Sunday, May 15, 2005

what an emotional day

i'd like to start off this post by aknowledging the fact that i basically just spew anger on this page whenever i get depressed. after i do that, i rarely come back to consider blogging again with newfound insight, and therefore neglect to respond to people's comments, namely bevin regarding my last post. for this, i truly apologize, as the best intentions are usually carried in responses to such posts, and such courtesies should not go unrecognized.
the problem is, i struggle with writing sometimes, mostly because i can't really handle making my thoughts tangible like this. i know its important because if i don't do it, i don't really concentrate on what i'm thinking, and then i just end up coasting through life without a care in the world. while this is an effective coping mechanism, i realize that its faulty and i hope to overcome it soon.
anyway, i've been really emotional lately. whether its a response to recent discussions with suzanne or some sort of looming depression that i'm going to have to deal with soon, i've decided to try to deal with it now, while its happening, rather than later, when i have a breakdown. breakdowns are bad, introspection is good.
back to me being emotional...and incapable of carrying a train of thought. anyway. i got into rochester yesterday morning, and since i caught the red-eye out of san diego, i was traveling all night and therefore quite exhausted upon my arrival. i came home, threw my things to the floor, and collapsed on the couch. after a brief conversation with my dearest, i proceeded to waste the rest of the afternoon watching rubbish on tv. hbo had a fascinating documentary on head trauma, and the teenage victims of such trauma as a result of underage drinking. i don't know what it is about hbo, but i found myself moved to tears as a result of this program (last time i remember this happening i was watching harry potter on hbo...go ahead and laugh, but when he's looking at that mirror, wishing that his parents were actually by his side instead of just in the mirror, its damn depressing). anyway, the only reason i mention this is because i am very rarely moved to tears. its like a long time ago i turned off my empathy, and it only chooses to come out at the strangest of moments (example, harry potter).
well, today my brother graduated from syracuse university, and i found myself again moved to tears, and not just once because i was proud of him (which incidentally, i really am. valedictorian of his class, university scholar, and elected representative of the university scholars to give the only student speech during the convocation of the entire graduating class of syracuse university 2005. do you know how many fucking schools are in this university...35 million), but actually crying several times after the initial pride. i didn't know what the hell was going on. i didn't even get this emotional at my graduation. well, after the fourth or fifth time that i had to wipe my eyes, i decided that my journal would be a good distraction, so i started writing to try and understand what was going on inside of me. my brother gave his speech, which was truly impressive, not just because he's an engineering student, yet surprisingly articulate and poignant, but also because it wasn't just a speech that's like, "syracuse rocks, we all had good times here and now we're gonna go rock the world." my brother actually considered a lot of weighty global issues, and furthermore successfully recognized that there was a room full of budding potential without getting cheesy.

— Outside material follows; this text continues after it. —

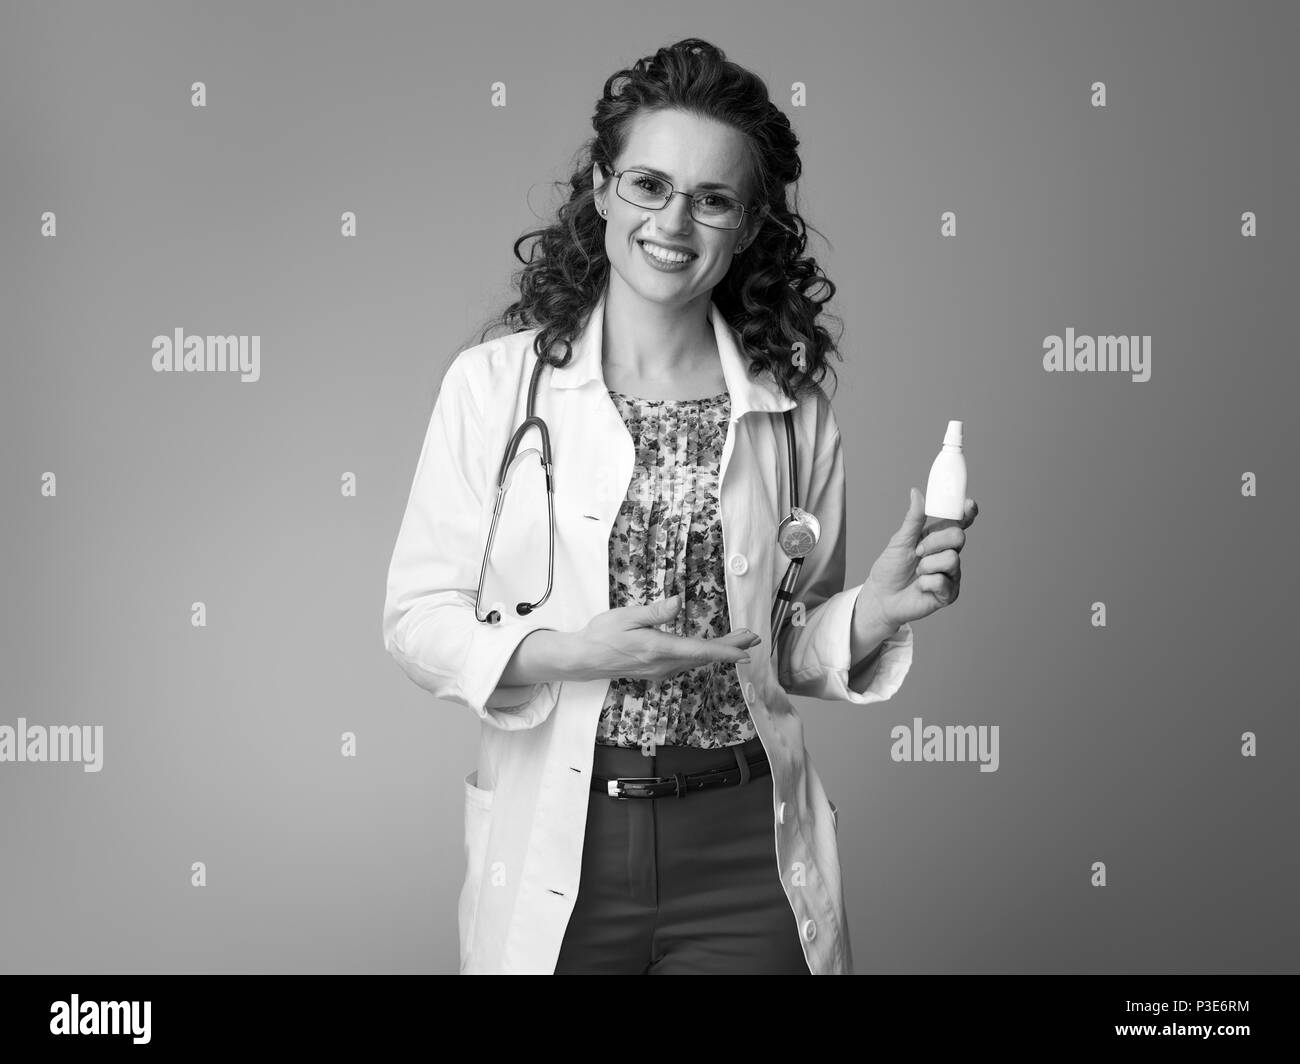 happy pediatrist doctor in white medical robe recommending nasal spray isolated on background Stock Photo

it didn't hit me at first, it wasn't until much later in jane goodall's speech (that's right, their convocation speaker was jane "25 years in the jungle with chimps" goodall) that i realized what was really getting to me. a convocation is a celebration off a big old room full of potential. we celebrate this potential because there are so many horrible problems in the world, and we're hoping that maybe one out of the 3,500 people in the room will make a magnificent, positive contribution to society. this is beautiful to me. it almost makes me want to cry right now. one person, who cares enough, and tries hard enough, might actually make a difference one day, and really anyone can do it, we just need to figure out how. maybe the fact that i think this concept is so beautiful should further elucidate the love i have for a certain leftist, anarchist activist that i like to call my own. i think this is so beautiful to me because i'm just so convinced sometimes that it doesn't matter what i do with my life. today i realized that it really does matter, and that i really do want to make a difference. much like my dear suzanne, i can feel the pain that surrounds me, and now, all of a sudden, i want more than anything to be able to do something to make it better.
my mind is just swelling right now with an array of unintelligible and depressing thoughts, and thus the problem i always seem to run into. the more i write, the more i think, the more i want to cry because i feel helpless.
this is too longwinded right now, but if anyone is interested, i have further stories regarding today that involve FDR and a sad little imprisoned chimpanzee that almost drowned. it all ties together, i just couldn't fit it all here right now.
whew...it feels good to get all that out.